XPS CHARACTERIZATION OF SOFT CONTACT LENS MATERIALS

Title XPS CHARACTERIZATION OF SOFT CONTACT LENS MATERIALS
Author, Co-Author Caroline Karlgard, Lyndon Jones, Dilip Sarkar, K. Tong Leung, Christine Moresoli
Topic
Year
2002
Day
Program Number
Poster 52
Room
Affiliation
Abstract PURPOSE: Contact lenses (CL) interact with a variety of chemicals, both synthetic (drugs) and natural (tear components). The understanding of surface interactions is critical for insight into CL behavior. X-ray Photoelectron Spectroscopy (XPS) is a powerful technique with a small sampling depth (10-300Ĺ) that has provided surface information for certain CLs. For example, the effect of spoilage after wear, bacterial adhesion, and manufacturing processes. However, there has not been a systematic study of the sample preparation procedures, thus this work will evaluate the effect of CL drying on the XPS results.
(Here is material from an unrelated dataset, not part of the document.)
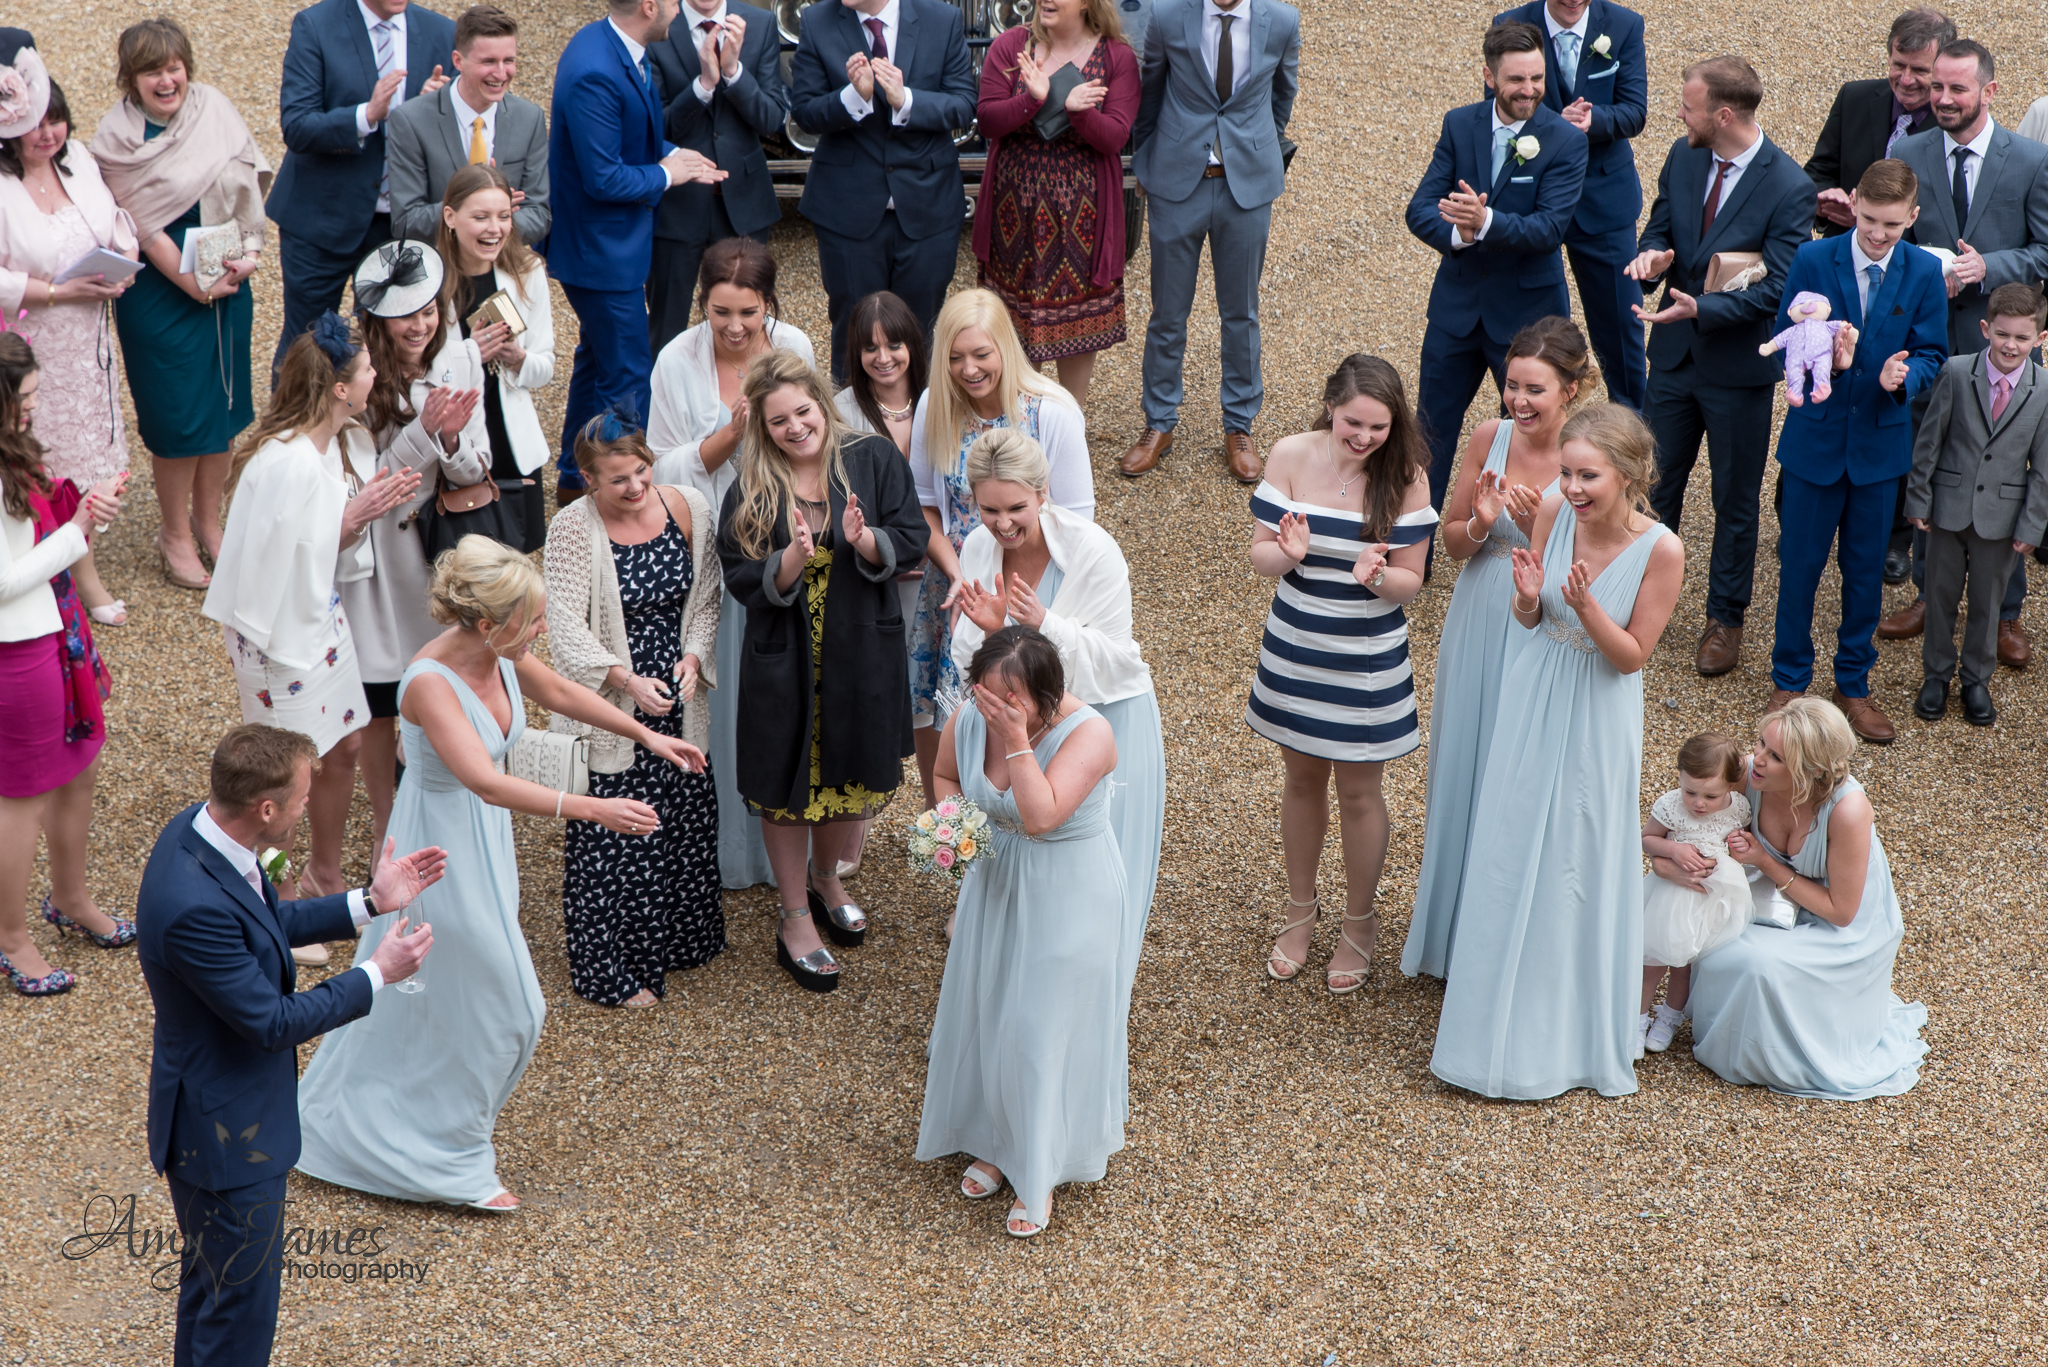 Hampshire wedding photographer // Fleet weding photographer // Warbrook House wedding Photographer // Aldershot Garrison wedding

In addition, base-values of the surface composition of different soft CL materials will be measured.

METHODS: Novel hydrogel contact lenses that contain silicon (Si), PureVision™ and Focus® Night&Day™, and several conventional hydrogel (CH) and daily disposable (DD) hydrogel lenses based on polyhydroxyethyl methacrylate (pHEMA) were studied. Triplicates of all lenses were washed and dehydrated by three different methods: (1) drying in air, (2) drying in nitrogen and (3) freezing with subsequent freeze-drying, before analysis by XPS (VG Scientific ESCALab 250). Statistical treatment included ANOVA/MANOVA, contrast tests and Shefffe’s post-hoc comparison test (significance at p<0.05).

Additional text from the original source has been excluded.